I'm pleased to announce approval, as we flagged at our Analyst Day in November, of our [indiscernible] Phase 2 project at Moab Khotsong at a capital cost -- and this is a life of mine capital cost -- of $395 million, and the first phase of the below 120 CLR project at Mponeng of $416 million, again a life of project estimate. And in fact, our project expenditures in South Africa are about $170 million for the year, about 17% of our project capital spend, both large-scale, very important projects, but at the same time, extremely cash generative and will be self-funded by the South African business, and they will still have good cash flows above and beyond those projects. So again, low risk, high return projects that extend the life of the 2 cornerstone mines in South Africa on a relatively low commitment in terms of the full project capital portfolio allocation.
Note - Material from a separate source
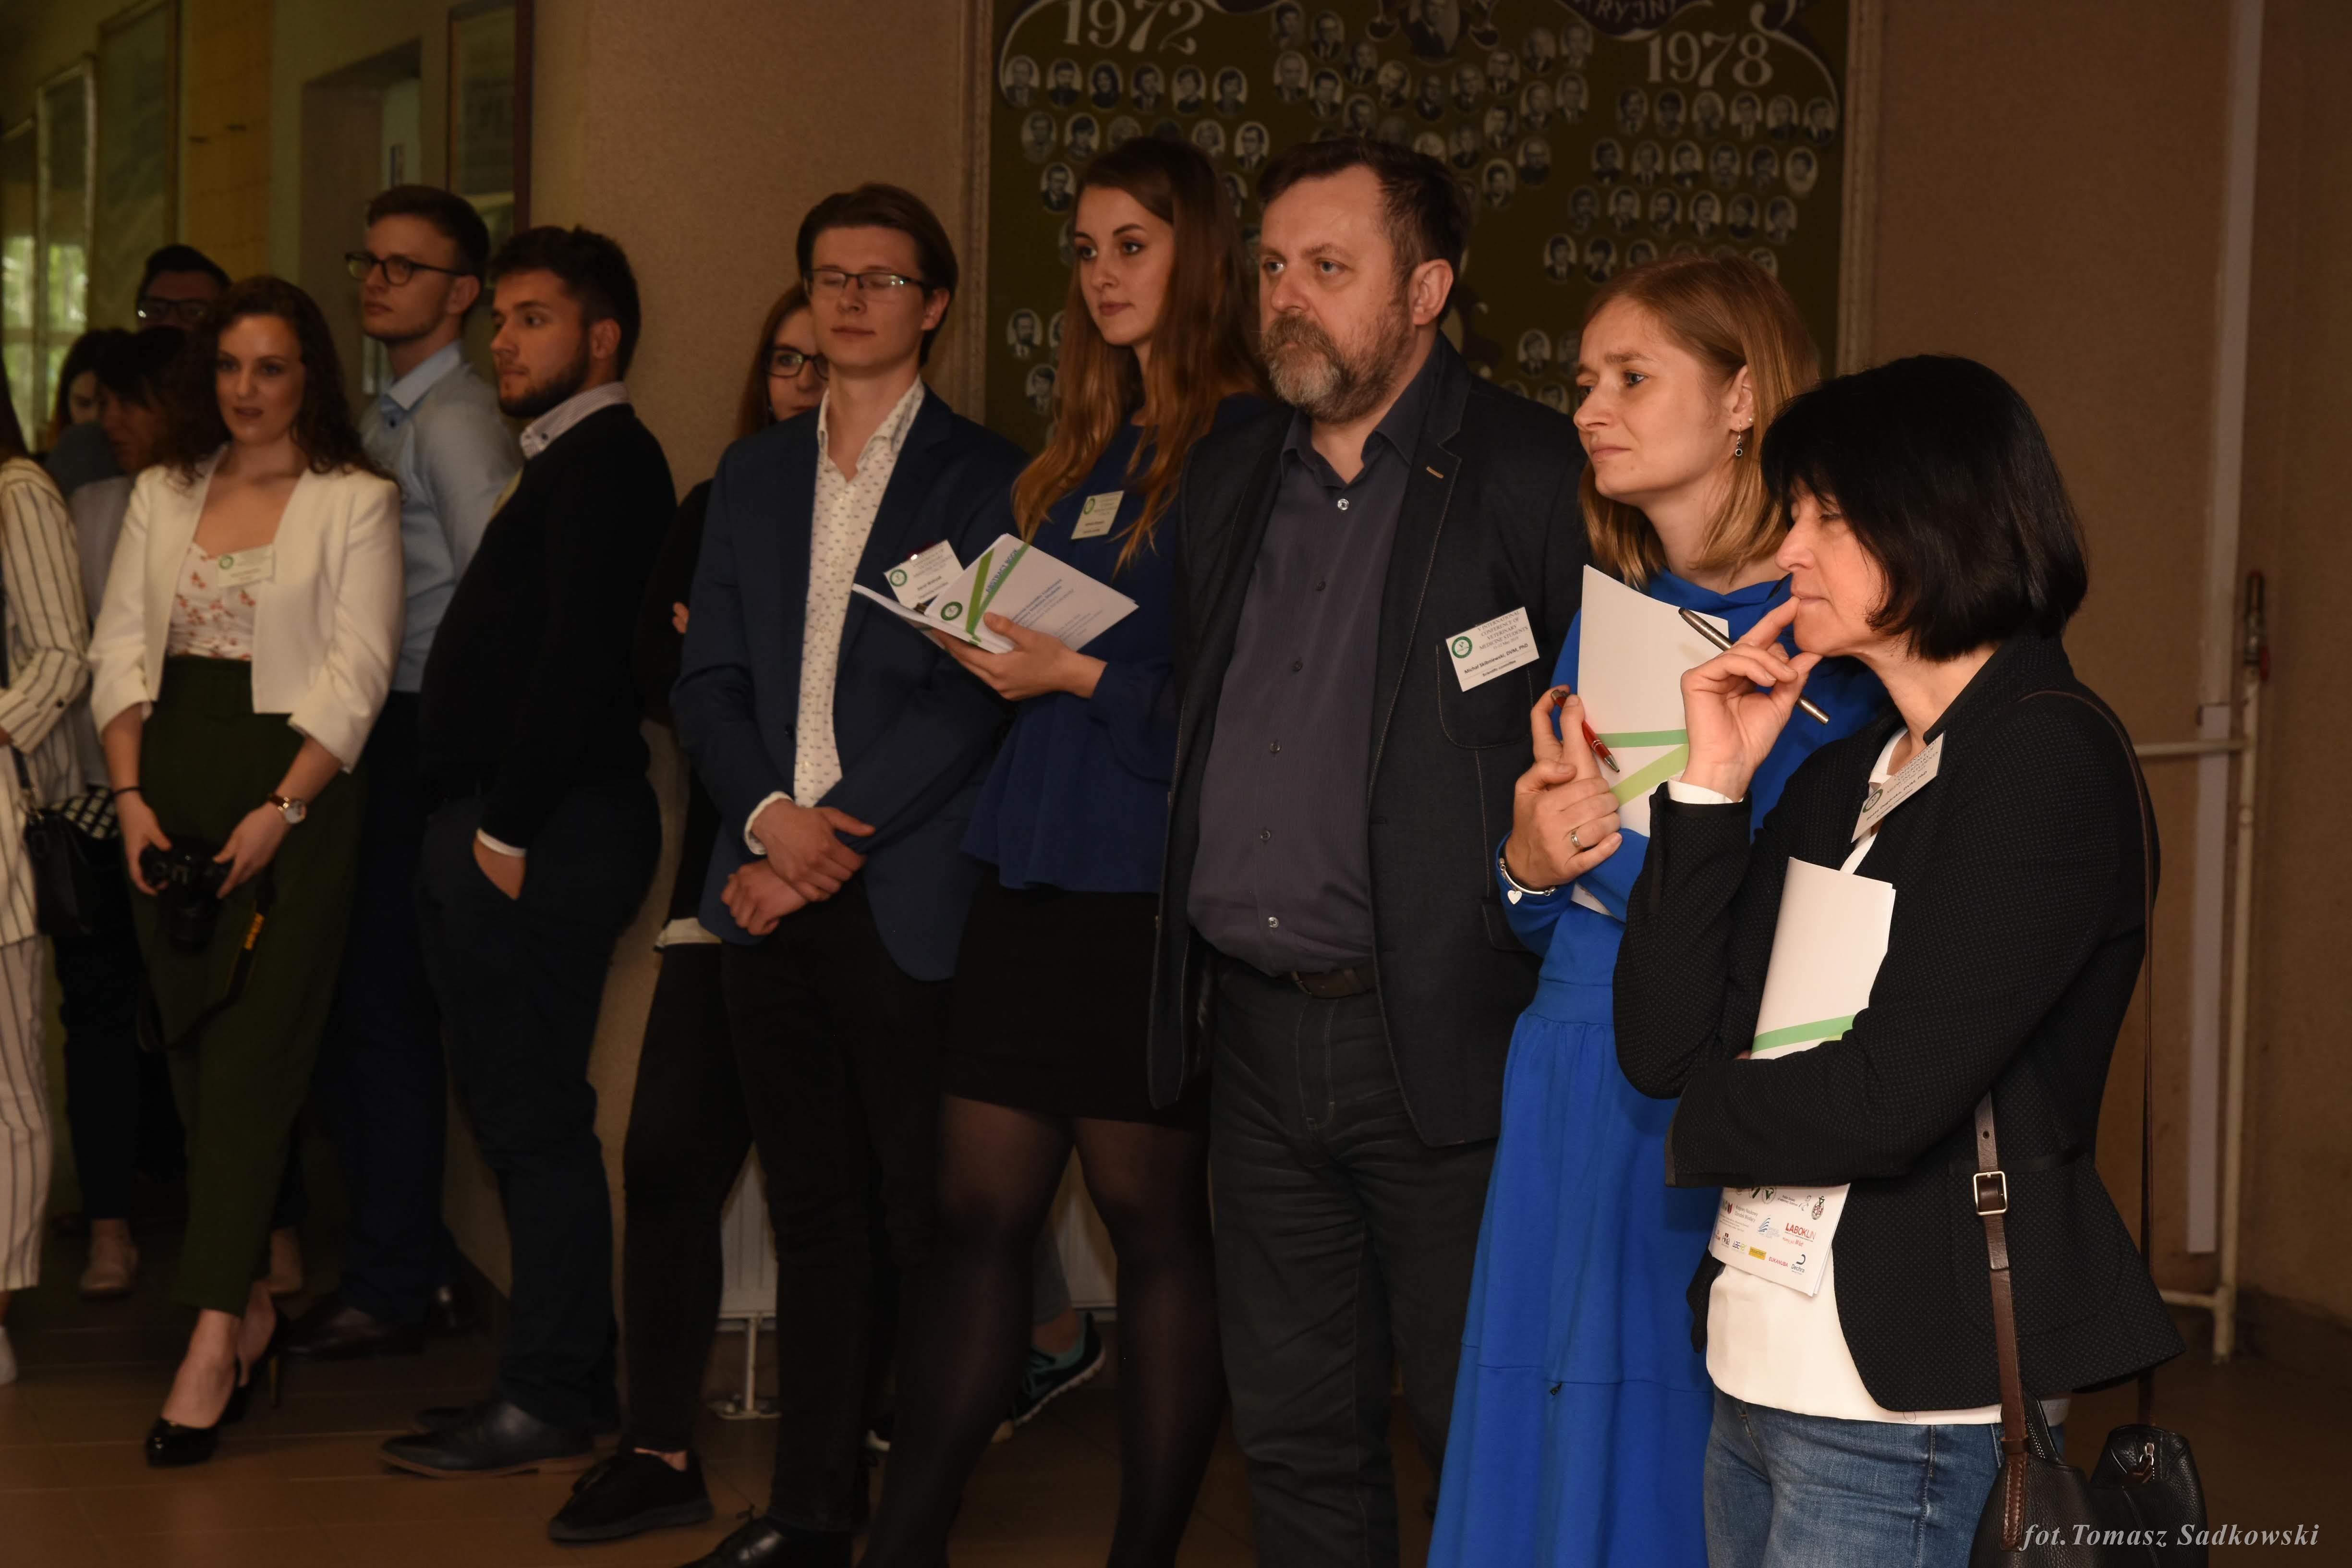 Scientific Commitee, small animals session -from the left Michał Skibniewski DVM PhD, Marta Parzeniecka-Jaworska DVM PhD, Beata Degórska DVM PhD

At Tropicana, the project remains on budget and on track to go full scale in Q4 2013. We expect to be -- that will be the first of our major projects to start delivering gold to the expanded AngloGold Ashanti. The 220 kilometer access road to site need completion during the quarter, and work continue on earth works on the plant site, internal roads and the airstrip. Engineering and procurement is now substantially complete, and all key positions in the new operating management team were filled. Drawing of the borefield 40 kilometers north of the project was wrapped up during the quarter.

At Mongbwalu in the DRC, the optimized feasibility study is complete and will be submitted to the joint venture board next month. The good news is our board and the joint venture board have continued to support our pre-project funding of critical project items, so that will maintain our focus on the timeline to deliver production beginning 2014, so that timeline won't be compromised.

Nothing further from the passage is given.